И рояль, великолепно протертый и, как всегда, герметически закрытый; и на рояле альбом засушенных водорослей – утеха тети Джули. И кресла на золоченых ножках, которые в действительности крепче, чем на вид. И сбоку у камина пунцовая шелковая кушетка, на которой тетя Энн, а после нее тетя Джули сидели, бывало, не сгибая спины, лицом к окну. А по другую сторону камина, спинкой к окну, единственное действительно удобное кресло, для тети Эстер. Сомс протер глаза – ему чудилось, точно они и сейчас еще здесь сидят. Ах, и запах, сохранившийся поныне, – запах чрезмерного обилия материй, стираных кружевных занавесей, пачули в пакетиках, засохших пчелиных крылышек. «Да, – думал он, – теперь ничего подобного не найти. Это следует сохранить». Пусть смеются сколько угодно, но перед этой приличной жизнью, с ее твердыми устоями – для разборчивого глаза, и носа, и вкуса – каким жалким кажется наше время: с подземкой и автомобилями, с непрерывным курением, закидыванием ноги на ногу, с голоплечими девицами, которых видно от пят до колен, а при желании от головы до пояса (что, может быть, приятно для сатира, сидящего в каждом Форсайте, но плохо отвечает его представлениям о настоящей леди), – девицами, которые, когда едят, цепляются носками туфель за ножки своих стульев, и громко хохочут, и щеголяют такими выражениями, как «старикан» и «пока», – ужас охватывал Сомса при мысли, что Флер общается с подобными девицами; и не меньший ужас внушали ему женщины постарше, очень самостоятельные, энергичные и бойкие. Нет! У старых его теток, если они и не открывали никогда ни широких горизонтов, ни собственных глаз, ни даже окон, были хотя бы хорошие манеры, устои и уважение к прошлому и будущему.

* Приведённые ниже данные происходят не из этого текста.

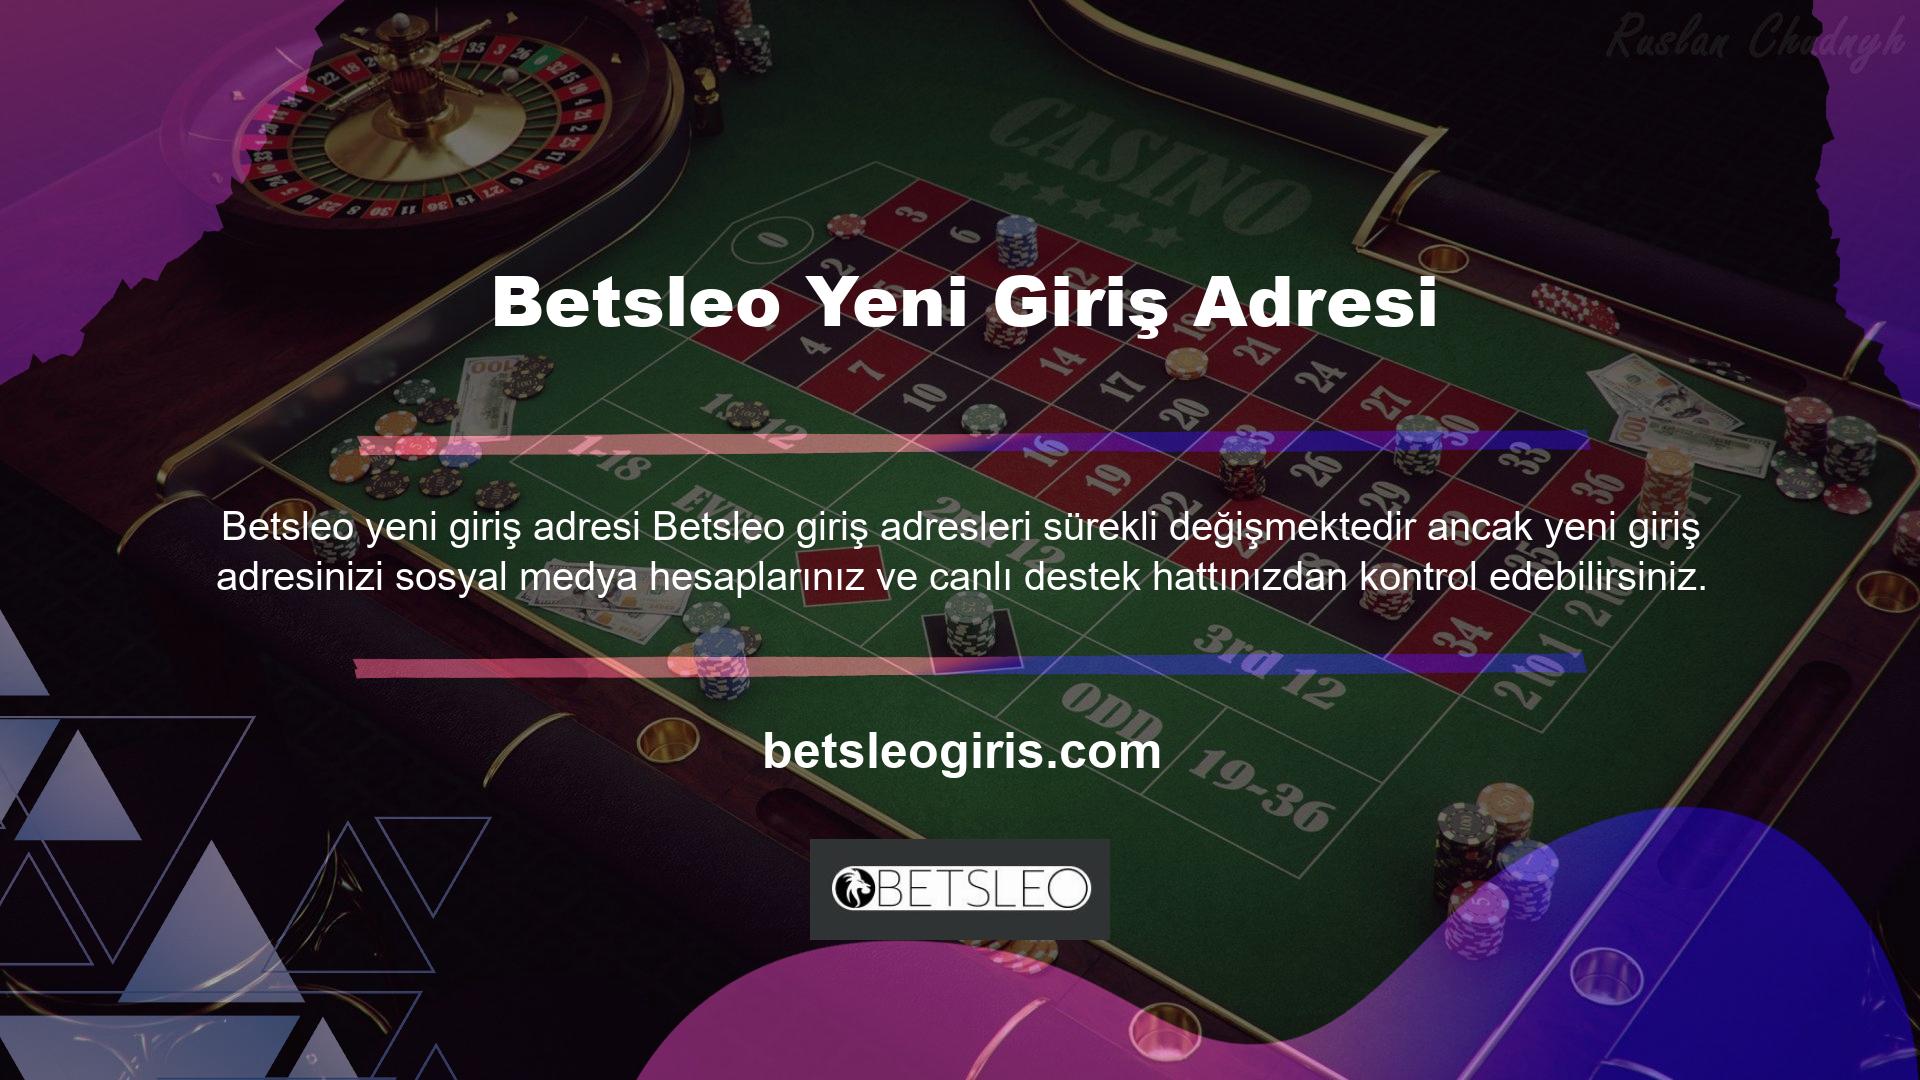 Betsleo casino sitelerinin yeni giriş adresi, kullanıcıların siteye kesintisiz ve kaliteli erişim sağlayabilmesi için tüm teknik altyapıyı güncelliyor

С чувством искреннего волнения Сомс затворил дверь и на цыпочках стал подыматься выше. По пути он заглянул в одно местечко: гм! полнейший порядок, тот же, что и в восьмидесятых годах, стены обиты желтой клеенкой. На верхней площадке он остановился в нерешительности перед четырьмя дверями. Которая из них ведет в комнату Тимоти? Прислушался. Странный звук дошел до его ушей: как будто ребенок медленно возит по полу игрушечную лошадку. Наверно, Тимоти! Сомс постучал, и ему открыла дверь Смизер, очень красная и взволнованная.
Мистер Тимоти совершает свою прогулку, и ей не удалось привлечь его внимание. Если мистер Сомс будет так добр и пройдет в заднюю комнату, он оттуда увидит его.
Сомс прошел куда ему указали и стал наблюдать.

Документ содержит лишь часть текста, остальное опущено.